Denoising Diffusion Models (Literally)

August 2, 2025 — #Diffusion#Probabilistic

Hey everyone! This Saturday, I will be discussing what Denoising Diffusion Probabilistic Models. This blog will cover the math that goges behind how a diffusion model works, how we prove it to be a generative model, and the loss function on how it learns to generate images.

These models are the foundation of generative audio, images, videos, and world models.

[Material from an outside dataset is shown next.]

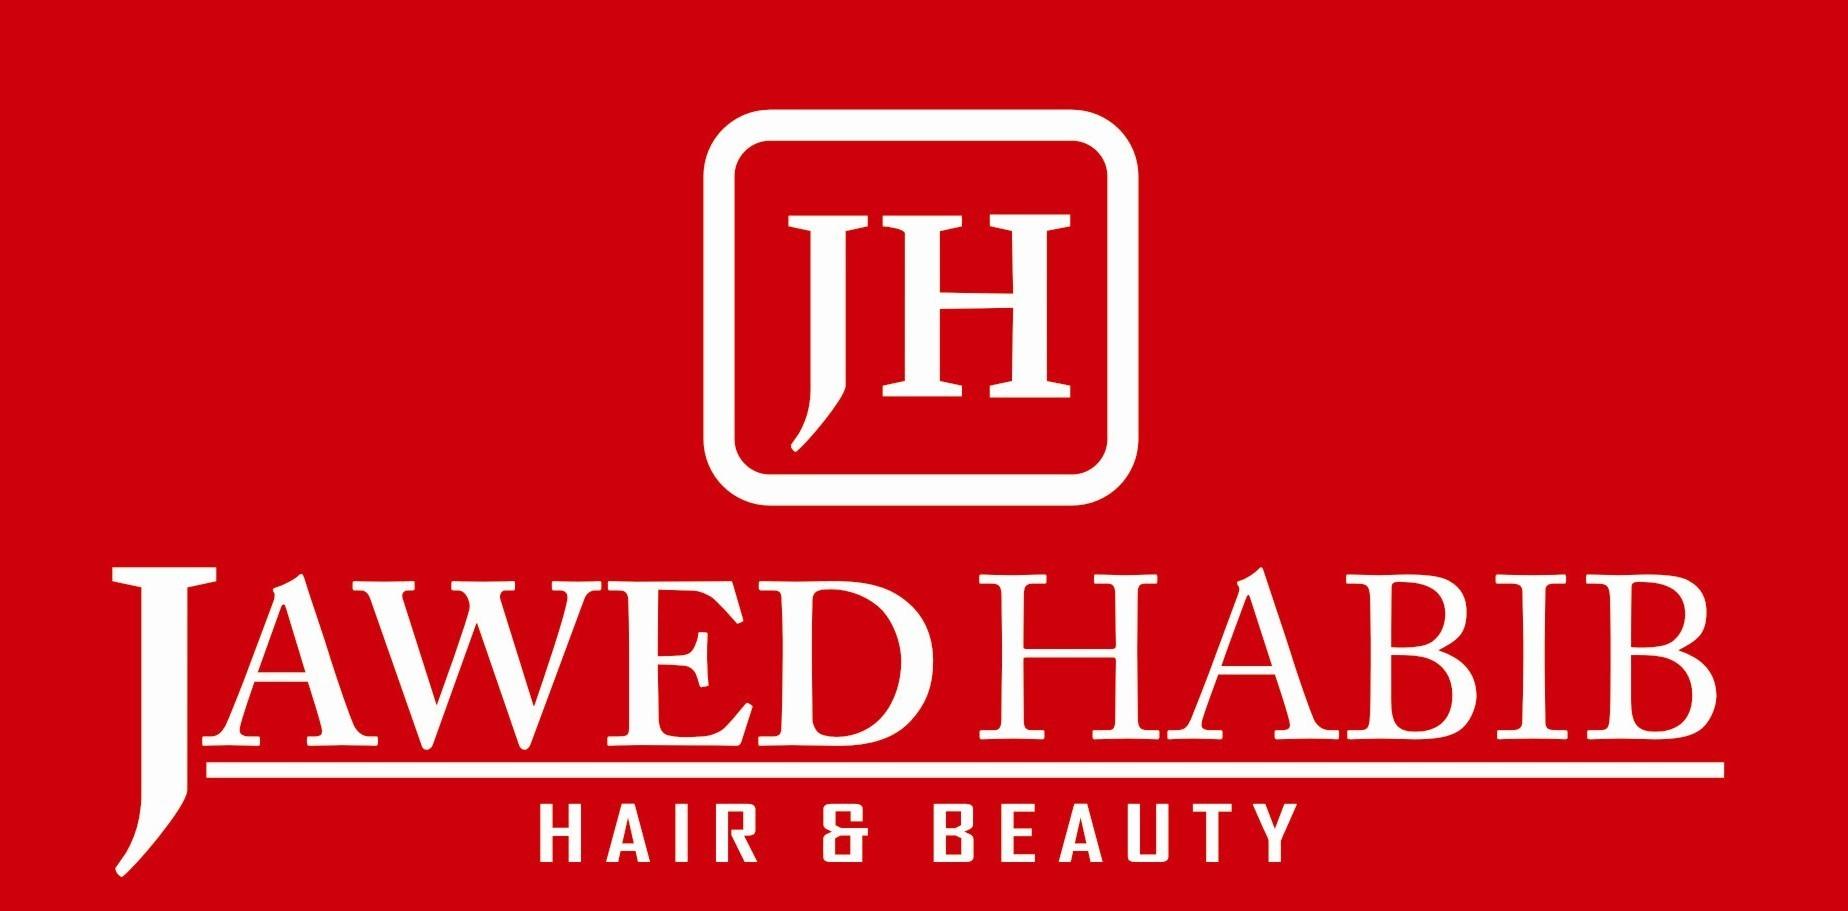 Jawed Habib Hair & Beauty Salons - Court Road - Saharanpur Image
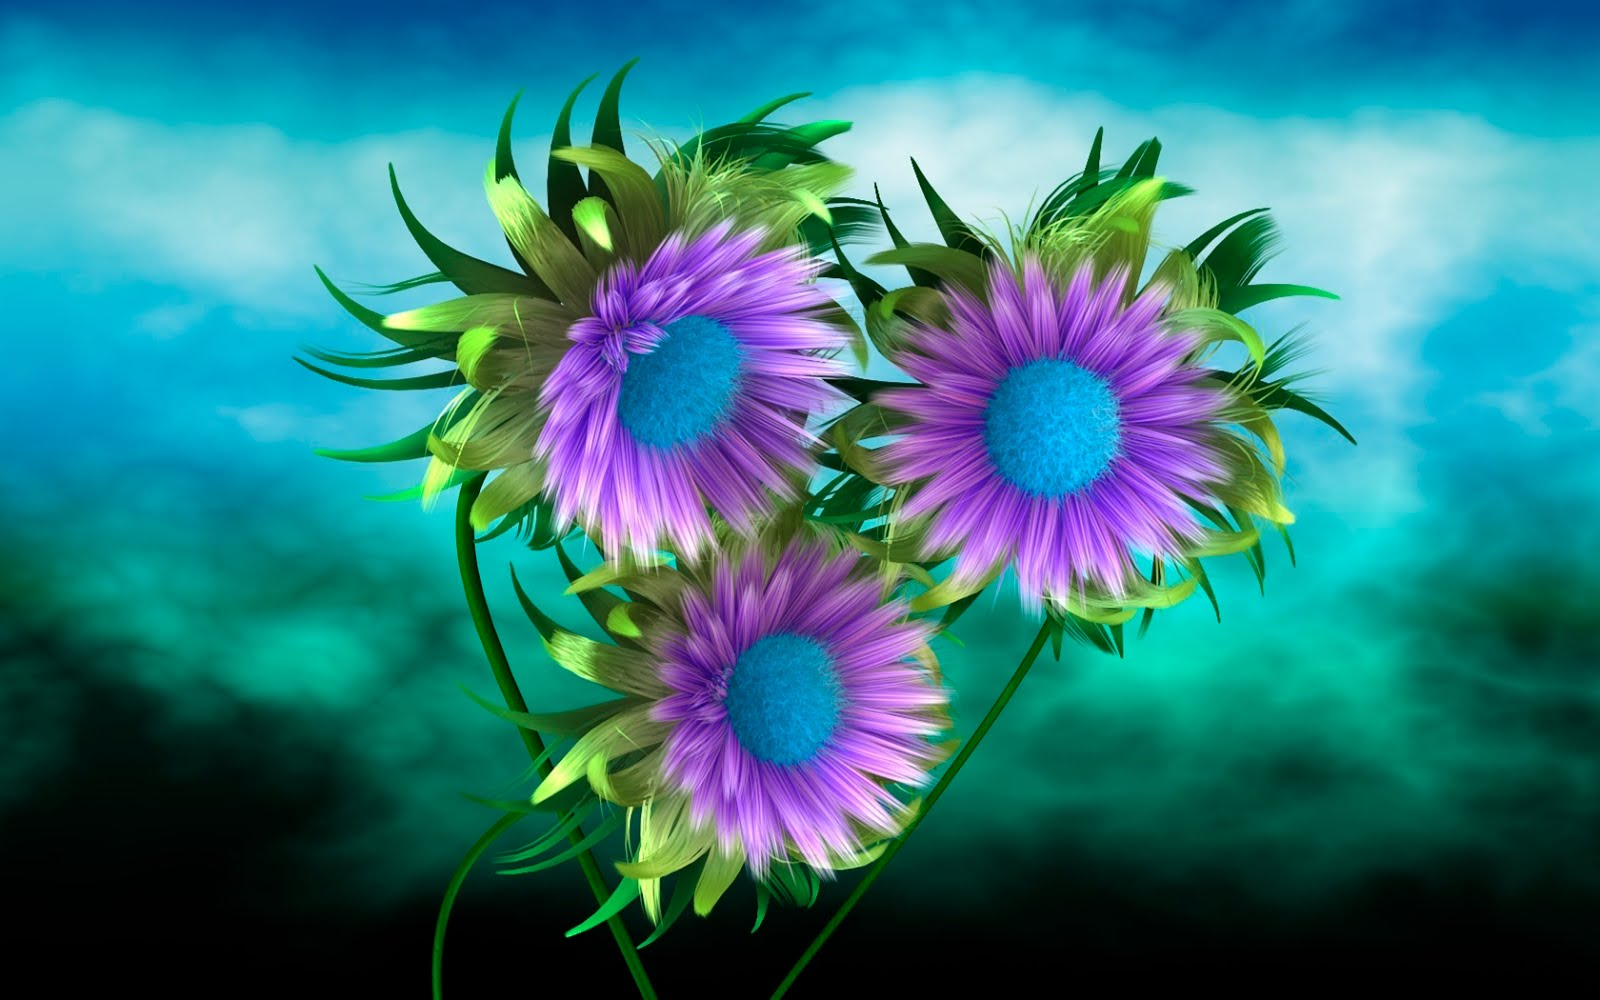 Lindas Flores Azules Como El Cielo Wallpaper Hd Ultra

There might be couple of mathematical errors. Just wanted to preface with that lol.

Basics

Diffusion models are modesl that noise the image such that it fully becomes Gaussian Noise at time $T$ , and then we have a probabilistic model that attempts to reconstruct the image be gradually denoising the model.

$x_0 \xrightarrow{\text{noise}} x_1 \xrightarrow{\text{noise}} x_2 \xrightarrow{\text{noise}} \cdots \xrightarrow{\text{noise}} x_T$

Then, we have a neural network that steps backward from $t=T$ to $t=0$ by learning and predicting how to undo the last noise.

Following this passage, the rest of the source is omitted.